Copy each line of the records below that has "guilloché" in it.

> Provided material
========================
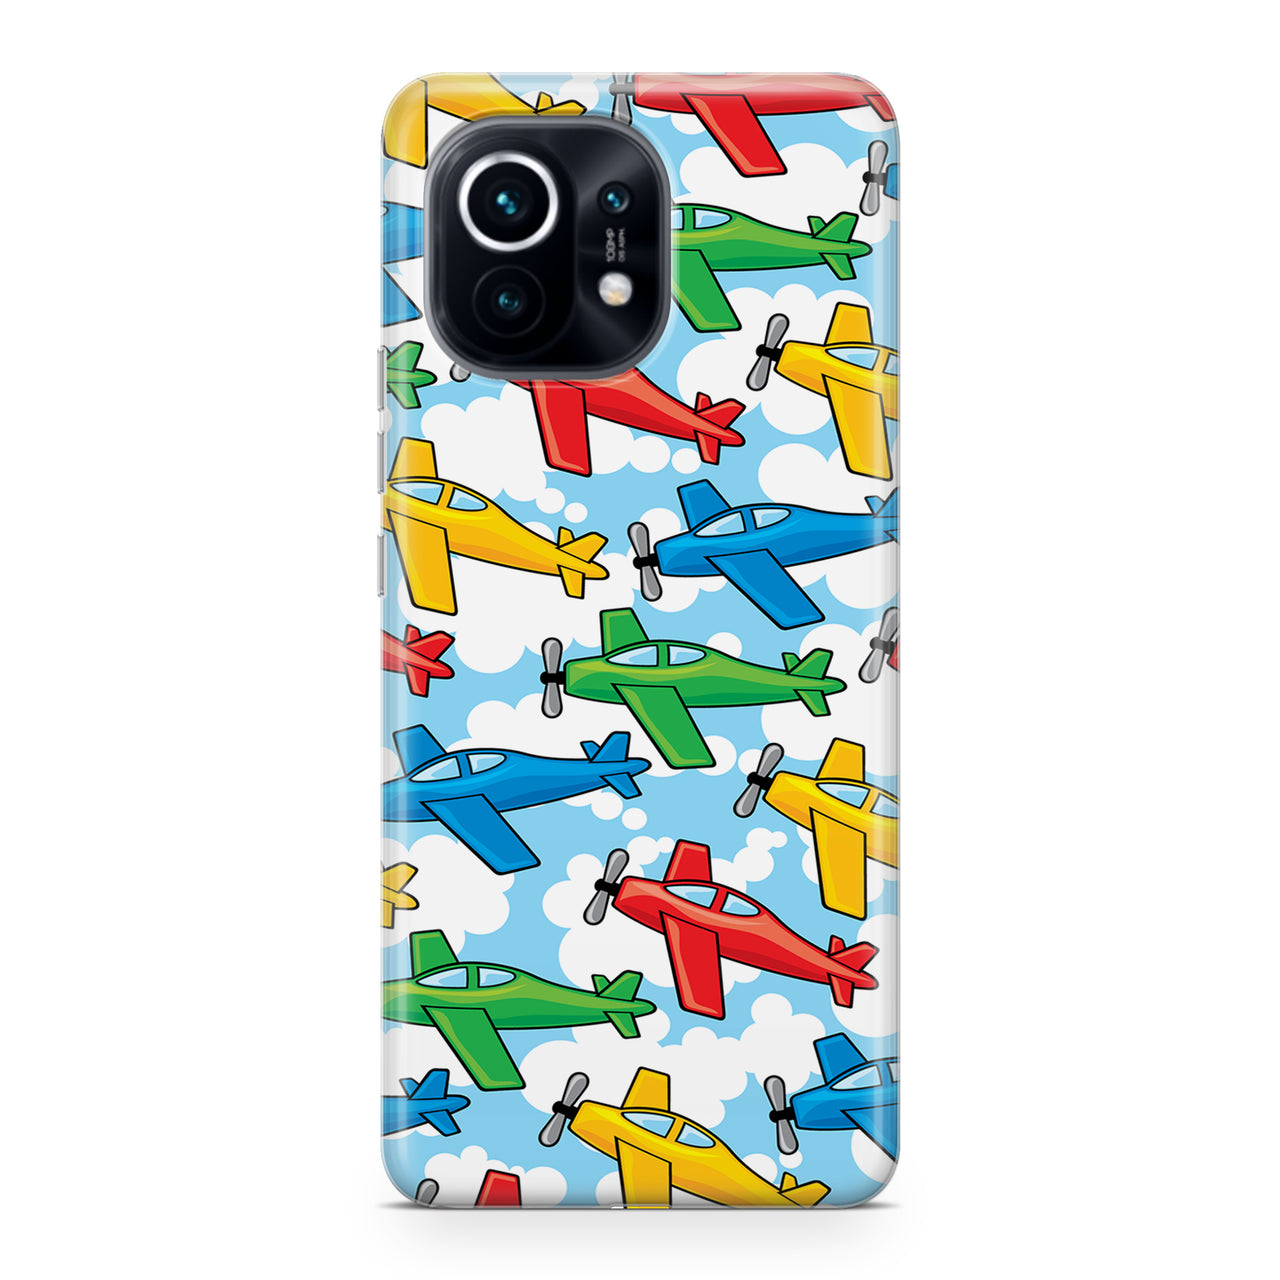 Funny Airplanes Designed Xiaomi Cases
========================
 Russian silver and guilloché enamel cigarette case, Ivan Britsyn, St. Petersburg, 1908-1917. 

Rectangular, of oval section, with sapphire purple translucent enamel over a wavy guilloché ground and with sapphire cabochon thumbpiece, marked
========================
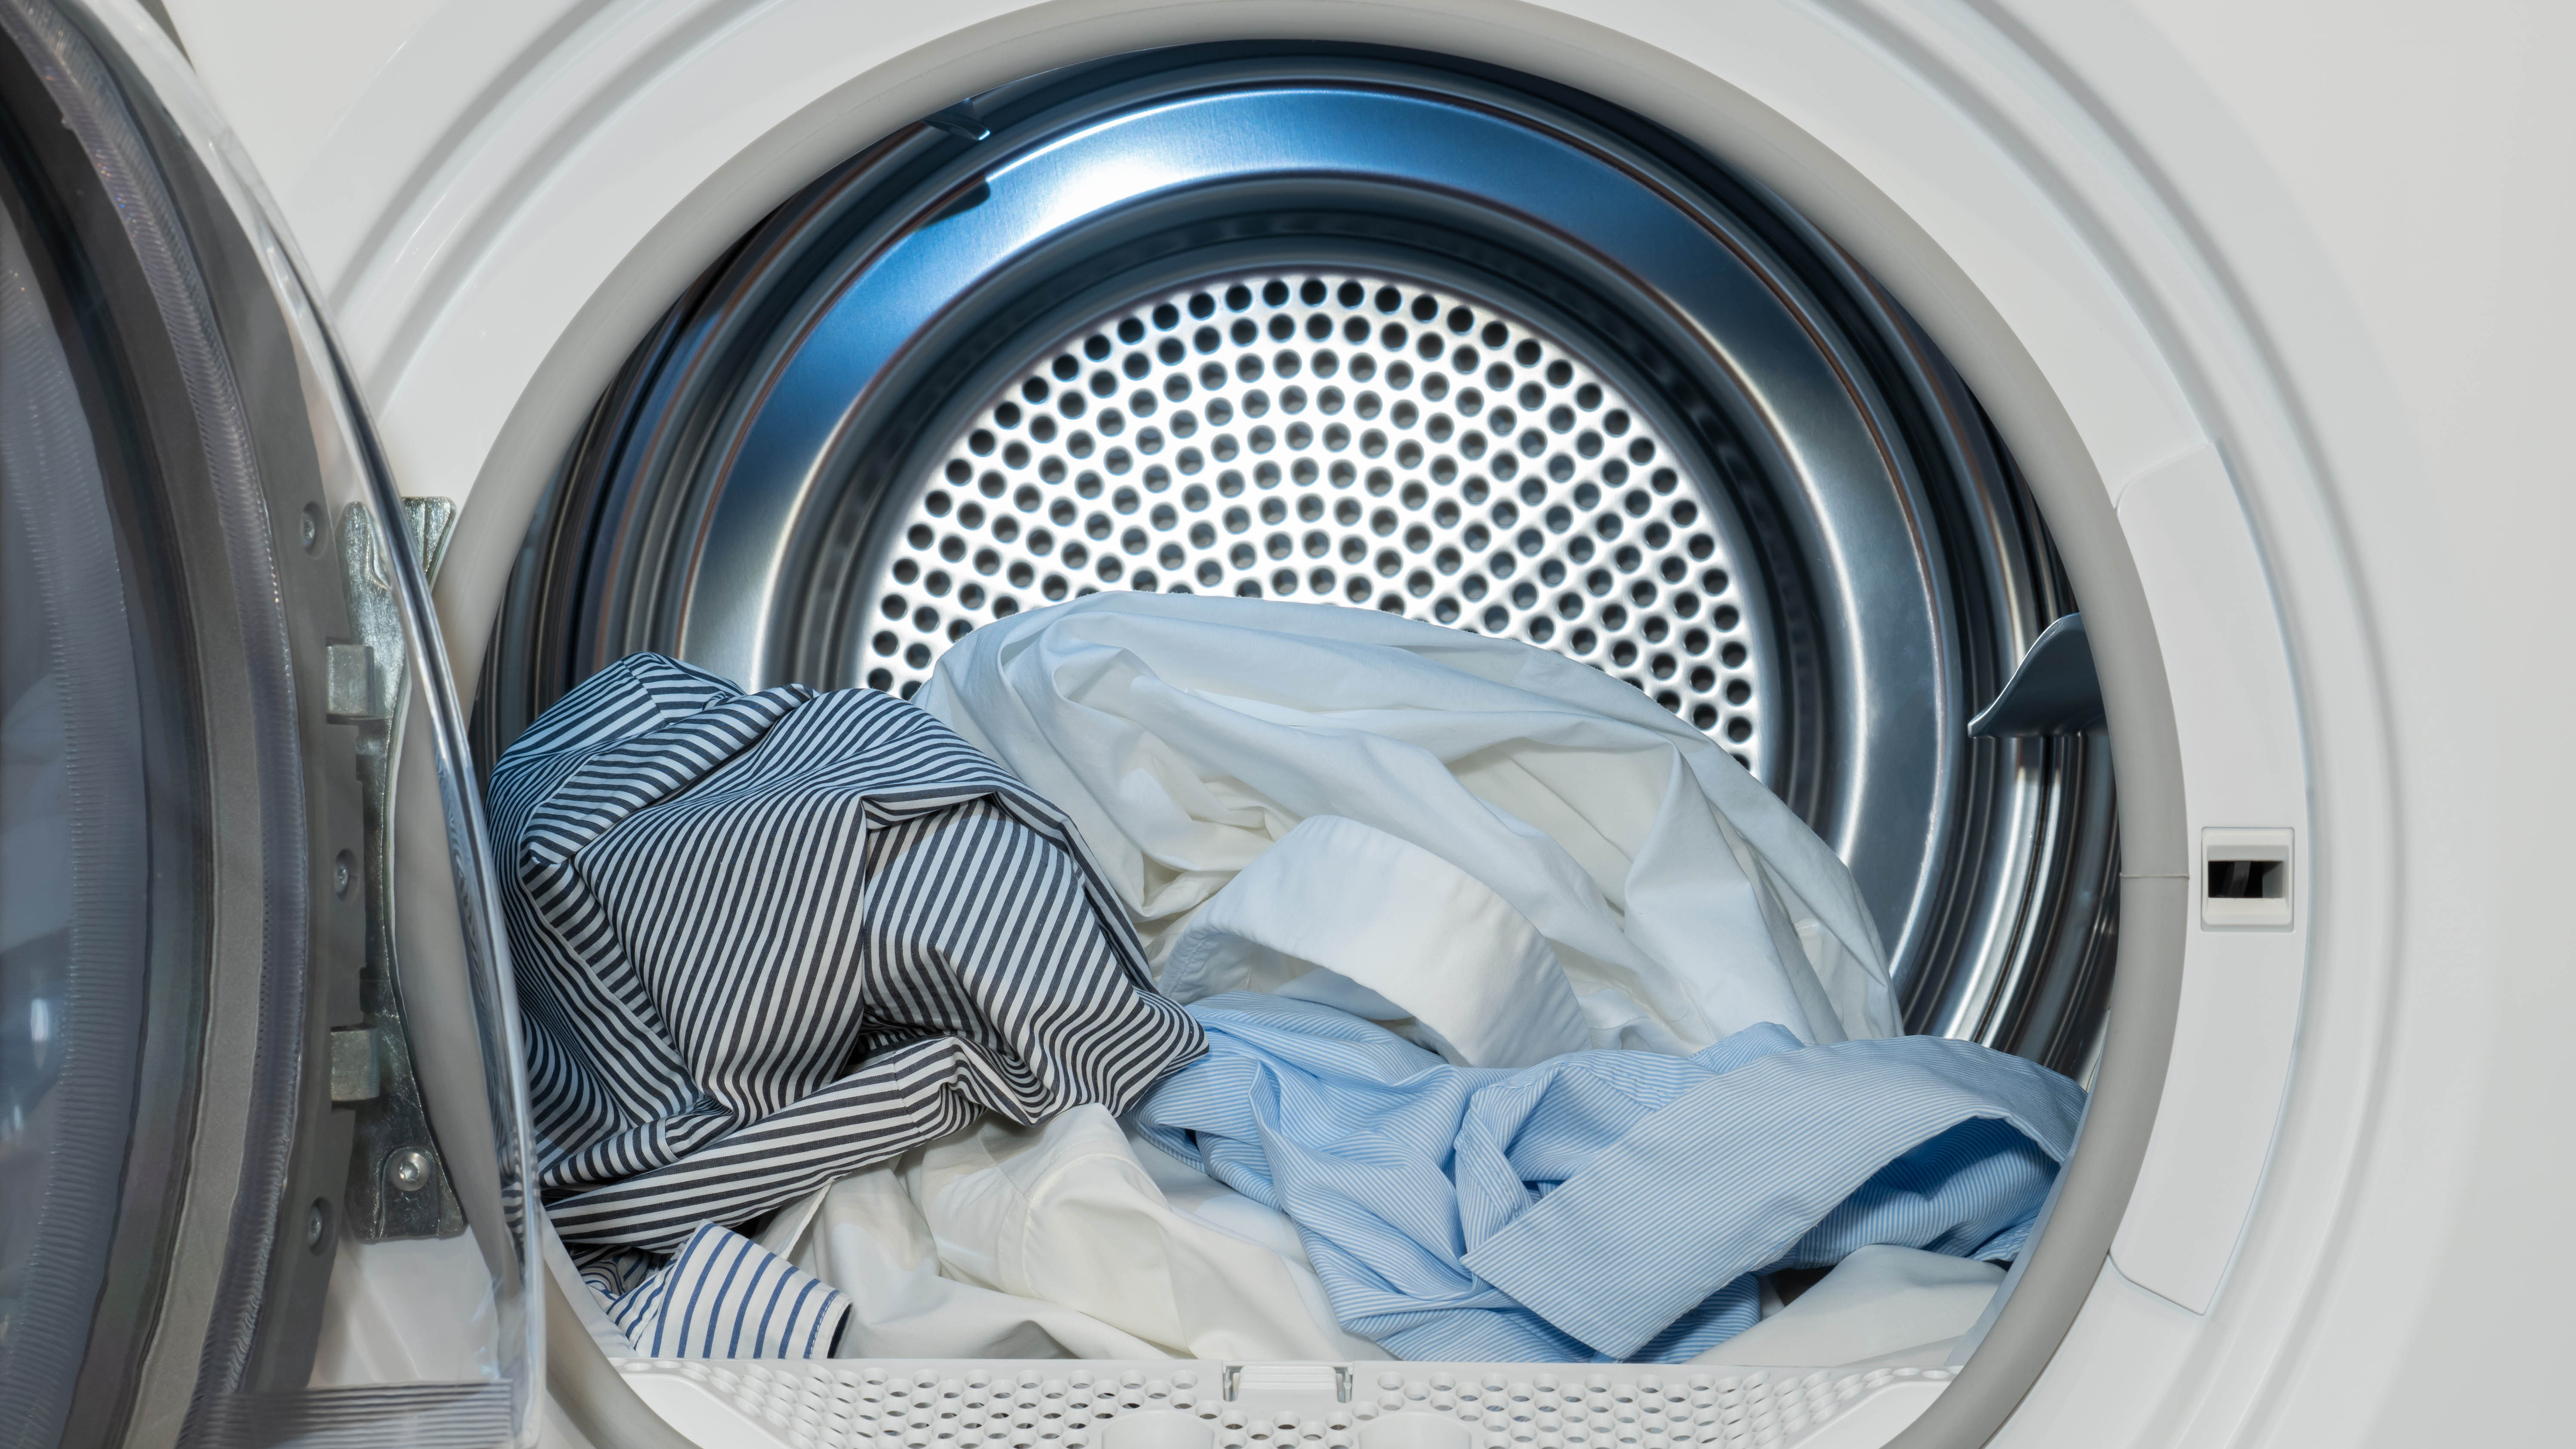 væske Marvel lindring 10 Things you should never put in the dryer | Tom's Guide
========================
> Written answer
 Russian silver and guilloché enamel cigarette case, Ivan Britsyn, St. Petersburg, 1908-1917. 
Rectangular, of oval section, with sapphire purple translucent enamel over a wavy guilloché ground and with sapphire cabochon thumbpiece, marked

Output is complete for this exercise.